For more information about Log Service, see What is Simple Log Service?

Ship log data from Simple Log Service to OSS.

In the OSS LogShipper panel, we recommend that you set Shard Format to date=%Y%m/userlogin. An example of the generated OSS object path is in the following format:

oss://testBucketName/adbpgossfdw
├── date=202002
│   ├── userlogin_158561762910654****_647504382.csv
│   └── userlogin_158561784923220****_647507440.csv
└── date=202003
    └── userlogin_158561794424704****_647508762.csv

Create a partitioned OSS foreign table based on the key fields of log data shipped by Log Service. Example:

CREATE FOREIGN TABLE userlogin (
        uid integer,
        name character varying,
        source integer,
        logindate timestamp without time zone,
        "date" int
) SERVER oss_serv OPTIONS (
    dir 'adbpgossfdw/',
    format 'text'
)
PARTITION BY LIST ("date")
(
        VALUES ('202002'), 
        VALUES ('202003')       
)

Query and analyze the execution plan of a SELECT statement on the log data shipped by Log Service.

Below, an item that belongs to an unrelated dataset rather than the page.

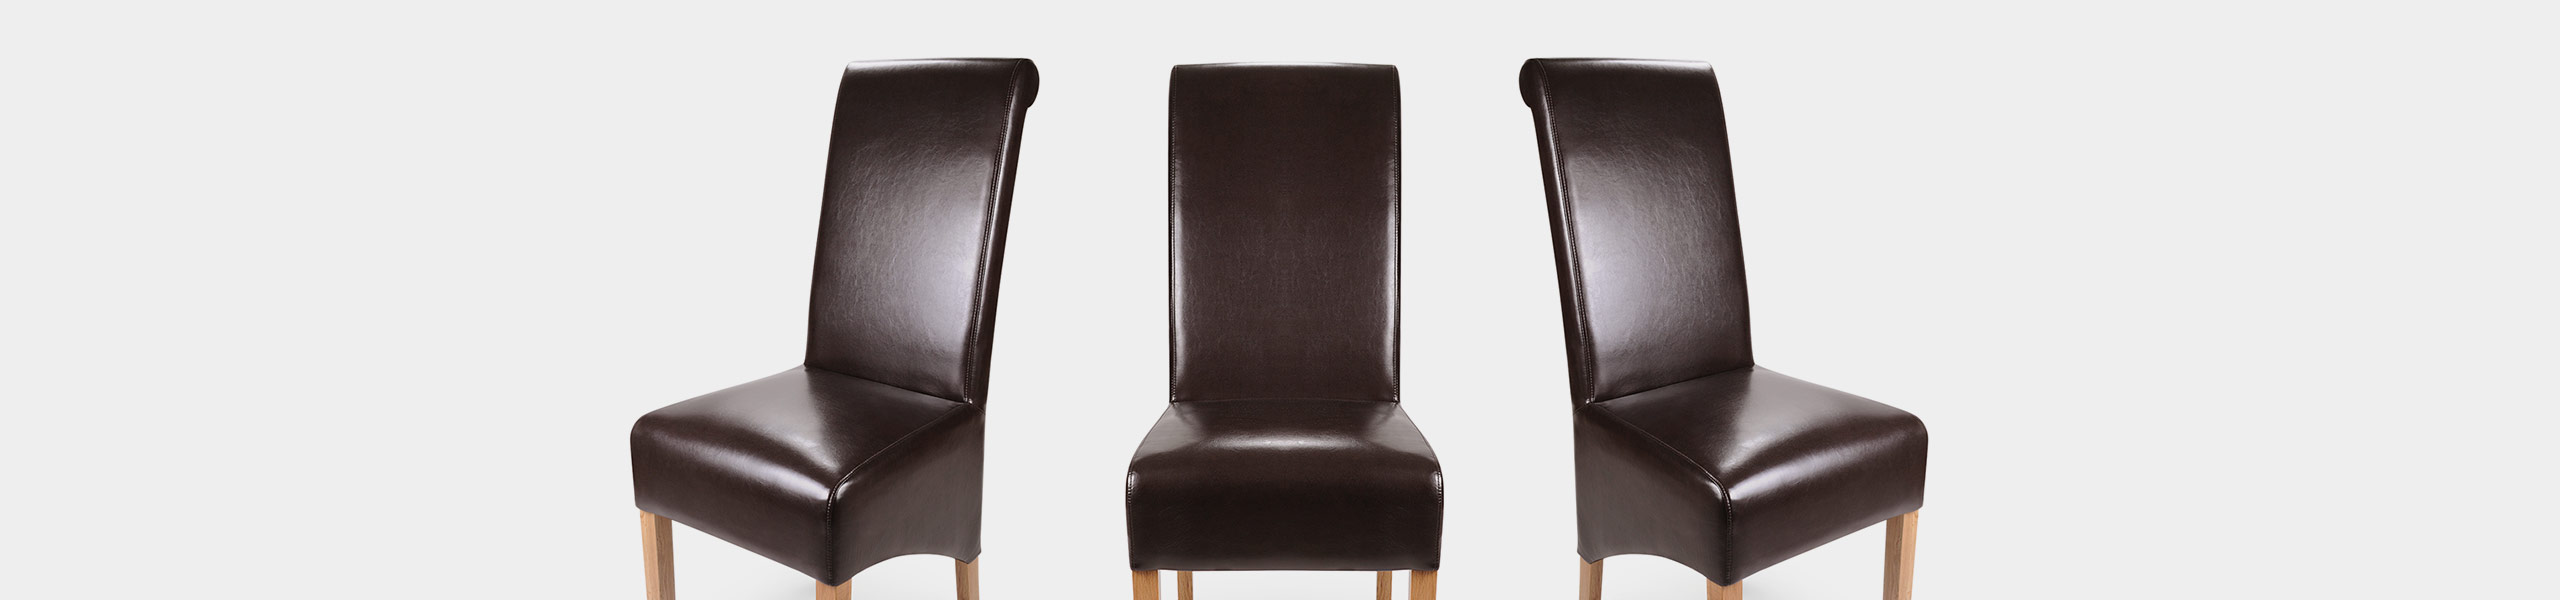 Krista Dining Chair Brown Leather Video Banner

For example, assume that you want to query the total number of user logons in February 2022.

EXPLAIN SELECT uid, count(uid) FROM userlogin WHERE "date" = 202002 GROUP BY uid;

The following information is returned:

                                                                            QUERY PLAN                                                                             
-------------------------------------------------------------------------------------------------------------------------------------------------------------------
 Gather Motion 3:1  (slice2; segments: 3)  (cost=5135.10..5145.10 rows=1000 width=12)
   ->  HashAggregate  (cost=5135.10..5145.10 rows=334 width=12)
         Group Key: userlogin_1_prt_1.uid
         ->  Redistribute Motion 3:3  (slice1; segments: 3)  (cost=5100.10..5120.10 rows=334 width=12)
               Hash Key: userlogin_1_prt_1.uid
               -> HashAggregate  (cost=5100.10..5100.10 rows=334 width=12)
                     Group Key: userlogin_1_prt_1.uid
                     ->t;  Append  (cost=0.00..100.10 rows=333334 width=4)
                           ->  Foreign Scan on userlogin_1_prt_1  (cost=0.00..100.10 rows=333334 width=4)
                                 Filter: (date = 202002)
                                 Oss Url: endpoint=oss-cn-hangzhou-zmf-internal.aliyuncs.com bucket=adbpg-regress dir=adbpgossfdw/date=202002/ filetype=plain|text
                                 Oss Parallel (Max 4) Get: total 0 file(s) with 0 bytes byte(s).
 Optimizer: Postgres query optimizer
(13 rows)

The returned information shows that only data in the date=202002 directory needs to be scanned. The less data scanned, the higher the query efficiency.